In October, there is the “Fiera di San Felice”, a three-day market and livestock exhibition. A popular event where the Ligurian cuisine is definitely featured.
Santo Stefano di Magra allows us to reach the lush Taverone Valley, the junction with Lunigiana and small mule tracks, dirt roads and trekking paths, that pass through ancient roads dominated by castles and walkways, the magnificent imposing Fortress Brunella, an impressive building that overlooks the town of Aulla. The bends of the Gulf of Poets and the series of mansions are left behind, until we outline the mountain pass Lagastrello and the Apennine buttresses.
The landscape of Val di Magra is purely fluvial. An undeniable skill of the local administrations is to make places with a strong historical and environmental value coexist without altering the territory, thus promoting tourism and the sustainable development of villages, hamlets and all kinds of institutions… gastronomical, historical, collective organizations.
The Magra river does not seem to be in a hurry, on the contrary, it flows slowly, shaping a riverbed with extensive meanders and gradually enriching the soil with silt; it curves and accelerates near Santo Stefano, without however disturbing the quiet landscape but simply enriching the vegetation with new, and more lush, riparian scrub.
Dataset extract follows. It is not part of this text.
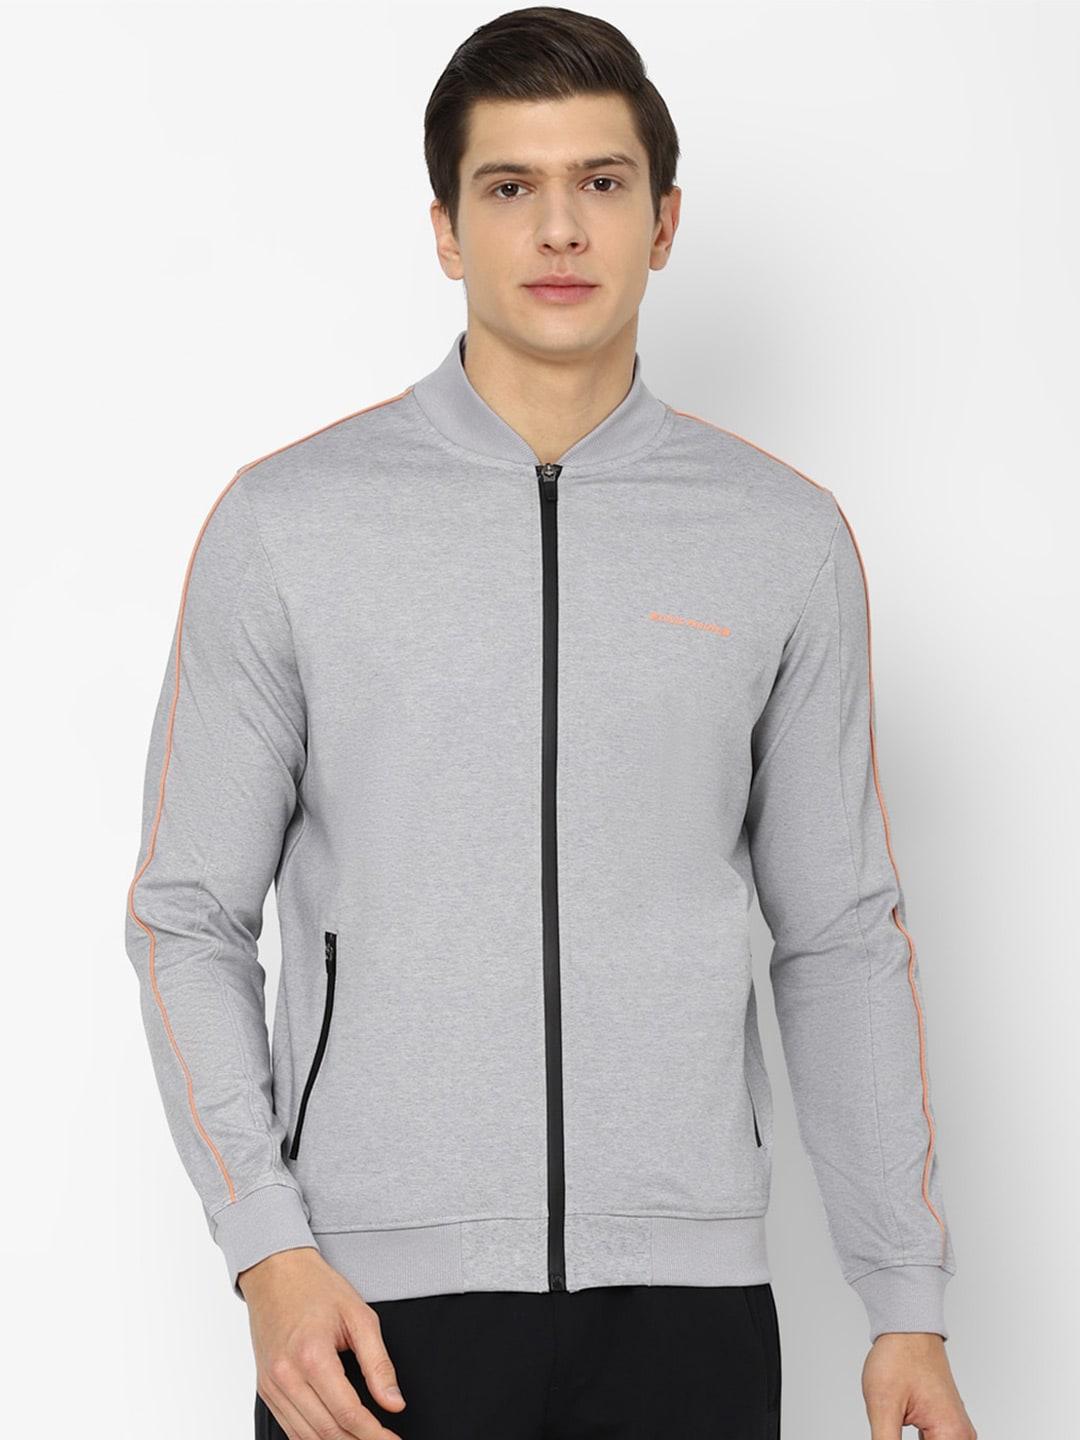 louis philippe men grey sweatshirt 100% cotton

The ponds and the marshes that originate here act as a rest and nesting area for many migratory and sedentary birds such as the kingfisher, the little egret, a large number of little seagulls, terns and grebes, especially near Bocca di Magra, mergansers, eiders and cormorants in the stretch of sea in front of the river mouth. It is reported that here the sea lamprey finds one of the few safe places where to reproduce.